7. HRD Scar in the Clinic: Implications for Precision Oncology

7.1. PARPis

Accurate detection of HRD and subsequent patient selection could drastically improve therapies exploiting HR. Current methods of assessing HRD are insufficient and consistently lead to an underestimation of the number of patients with HRD tumors (Table 1). Currently, the main application of HRD assessment in the clinic is to select patients benefitting from treatment with PARPis.

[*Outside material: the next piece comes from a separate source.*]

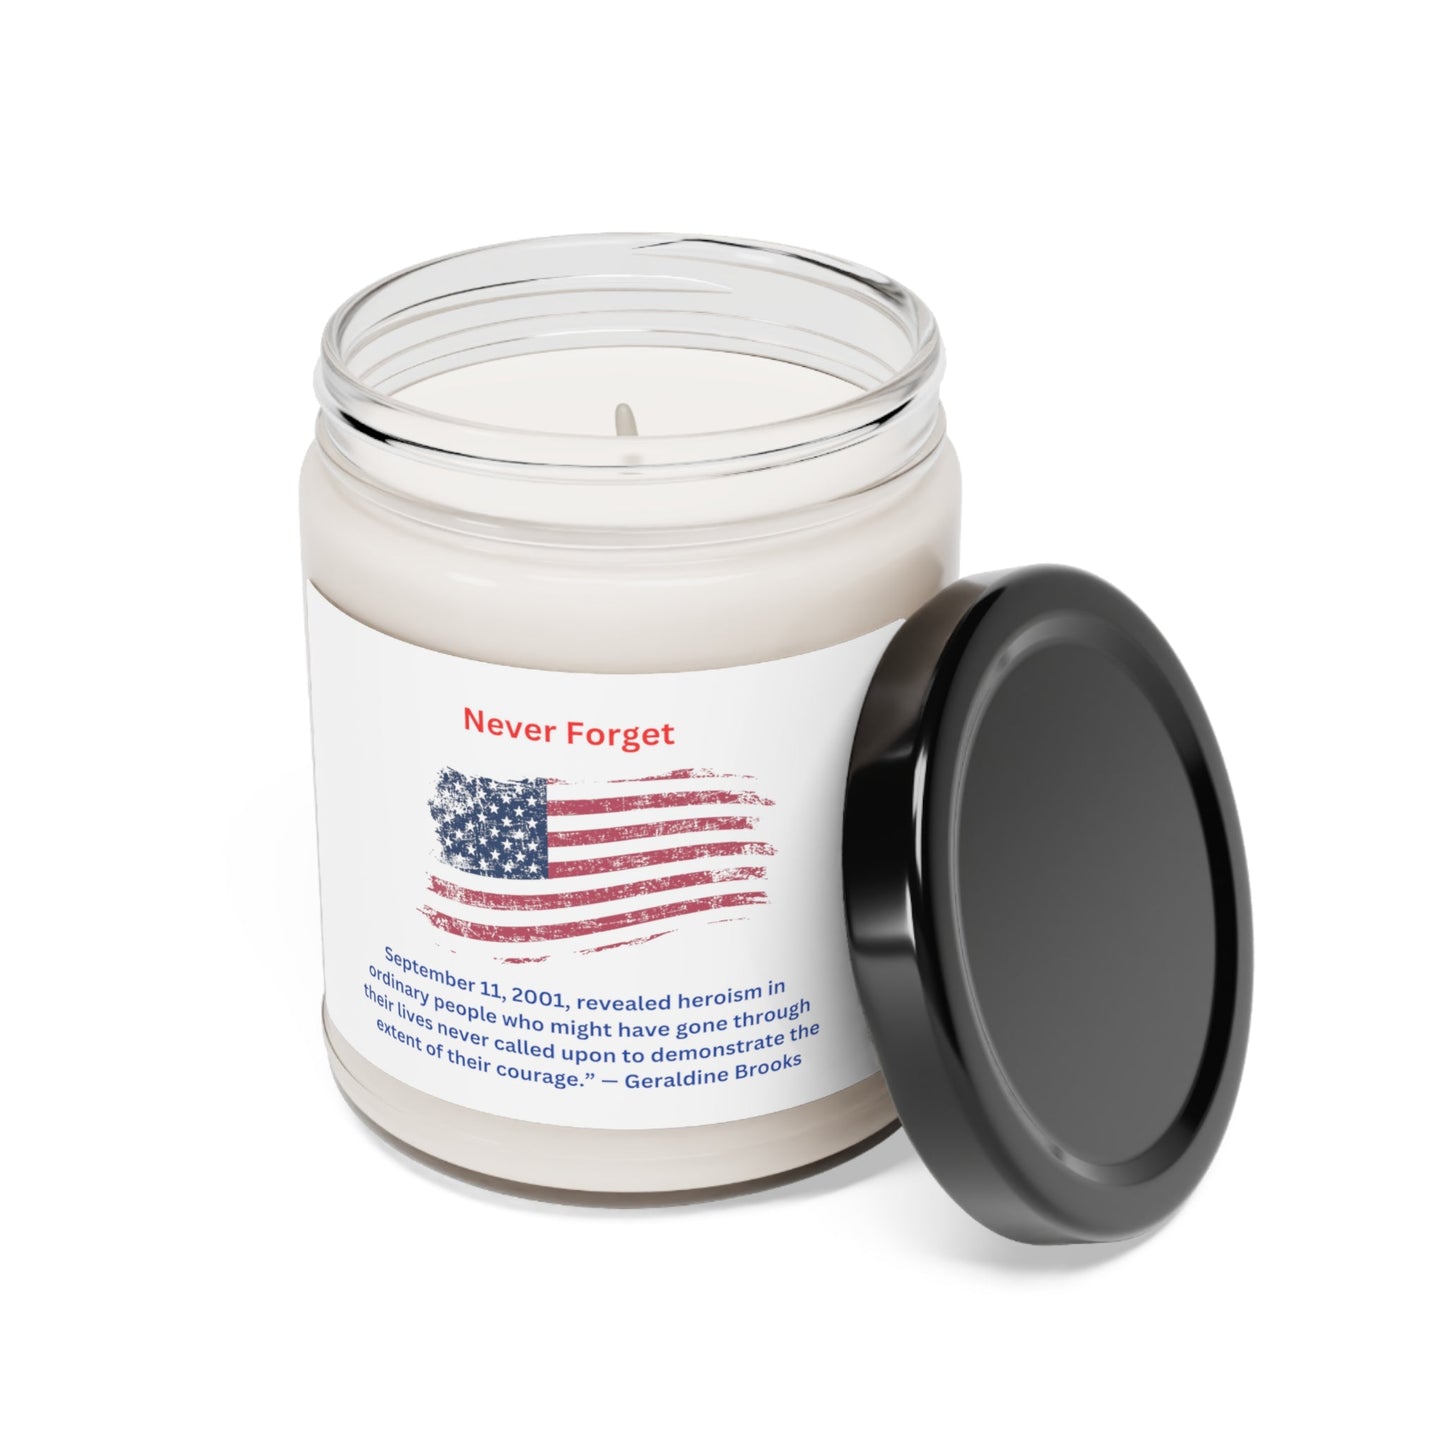 Get trendy with Apple Harvest Scented Soy Candle, 9oz  In remembrance of September 11 - Home Decor available at Good Gift Company. Grab yours for $16 today!
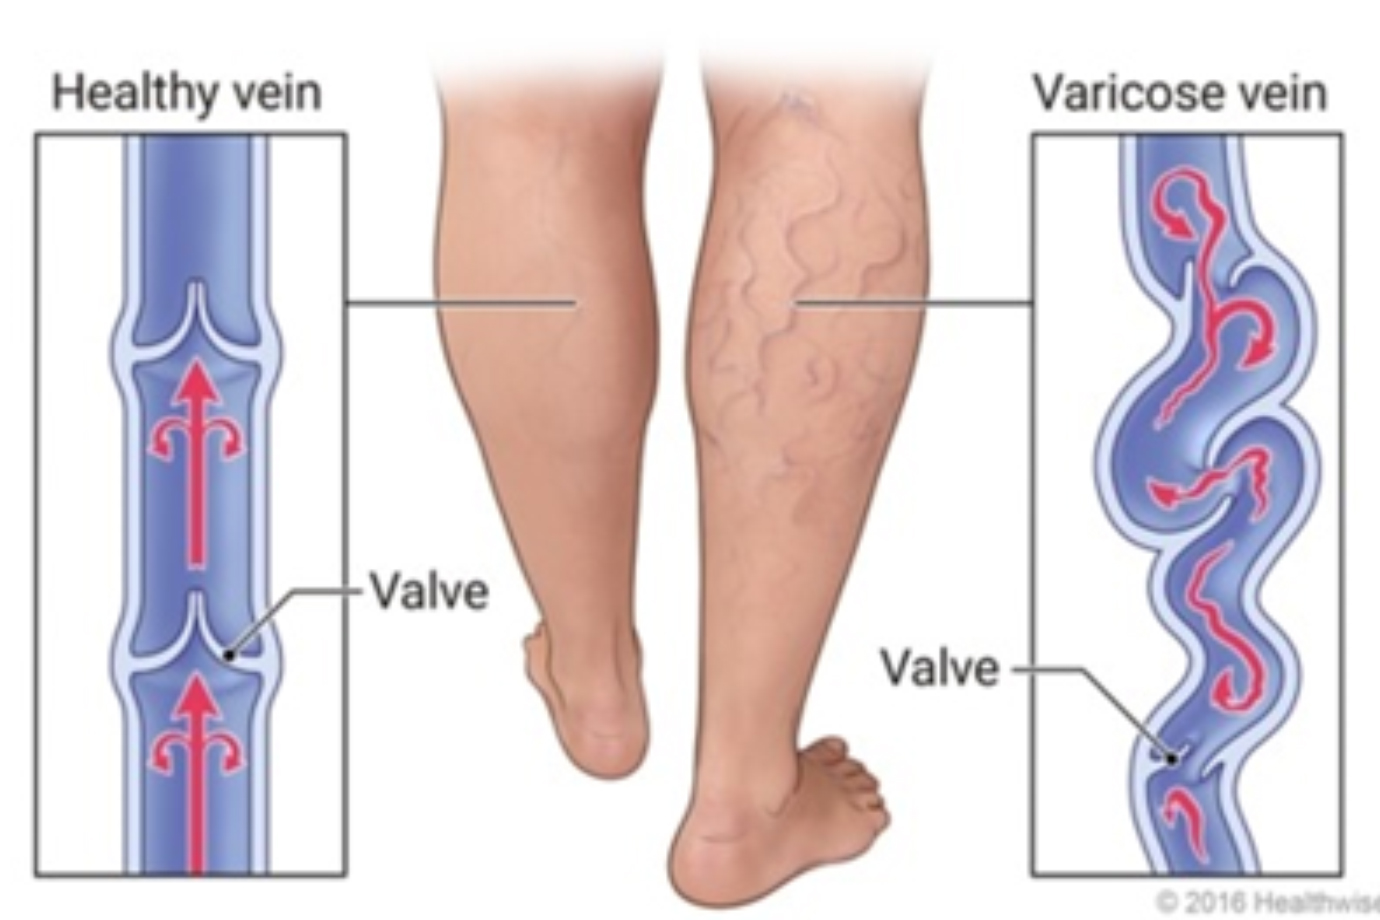 General Information about Varicose Veins and Their Treatmentss

The interaction between PARP inhibition and HRD can be described as synthetically lethal, where an individual loss of gene or protein of either is not lethal, but a combined loss of function results in cell death [81]. PARPis not only inhibit the catalytic function of PARP enzymes, preventing repair of single-stranded breaks (SSBs), but also trap PARP to sites of DNA damage, preventing DNA repair, replication, and transcription [82]. Ultimately, DSBs accumulate, which cannot be repaired in HRD cells. To date, three PARPis (olaparib, rucaparib, and niraparib) have been approved by the FDA for use in ovarian cancer patients with germline BRCA2 mutations. Germline or somatic BRCA2 testing is insufficient, however, and leads to an underestimation and even incorrect classification of patients who could benefit from treatment with PARPis. In addition to assessing germline or somatic BRCA2 status, sensitivity to platinum-based agents is also used as a functional readout of HRD to select patients expected to be sensitive to PARPis [83]. However, mechanisms of inherent or acquired resistance to platinum-based agents extending beyond BRCA1/2 status [84] also implicate a potential underestimation of patients that would benefit from PARPis. Complementary assessment of HRD scar would address this drawback and allow a more accurate identification of patients responsive to PARPis.
Supportive of this, patients with BRCA1/2 wild-type platinum-sensitive ovarian carcinomas with high degrees of LOH responded better to rucaparib than patients with low degrees of LOH in the ARIEL2 phase 2 clinical trial (NCT01891344) [33], demonstrating the potential of PARP inhibition to be extended beyond BRCA1/2 mutated tumors. Additionally, in the RUBY phase 2 trial (NCT02505048), evaluating the efficacy of rucaparib in metastatic breast cancer patients without germline BRCA1/2 mutations, the HRDetect score tended to be higher in responders vs. nonresponders (0.465 vs. 0.040), albeit not significant [85], perhaps due to the low number of patients (n = 40) analyzed. In the PAOLA-1 phase 3 trial (NCT02477644), patients suffering from platinum-responsive ovarian cancer classified as HRD-positive based on the HRD score (≥42; Myriad myChoice® CDx) demonstrated better response to olaparib even when no BRCA1/2 mutations were present [86]. In this study, an additional 18% of BRCA1/2 wild-type patients were identified as HRD and significantly benefited from PARP inhibition. Similarly, in the QUADRA trial (NCT02354586), also employing the Myriad myChoice® CDx assay, 29% of patients were classified as HRD-positive without BRCA1/2 mutations and responded significantly better to niraparib, especially when both HRD-positive and platinum-sensitive [87], implicative that combining genomic scar analyses and functional HRD assays might provide additional discriminative value of these biomarkers. Findings of these clinical trials are in line with a study by Davies and colleagues that demonstrated that up to 22% of breast cancer patients could potentially benefit from PARP inhibition as predicted by HRDetect, larger than the hitherto appreciated fraction (1–5%) [62] and highlighting the need for more accurate and integrated approaches for HRD classification.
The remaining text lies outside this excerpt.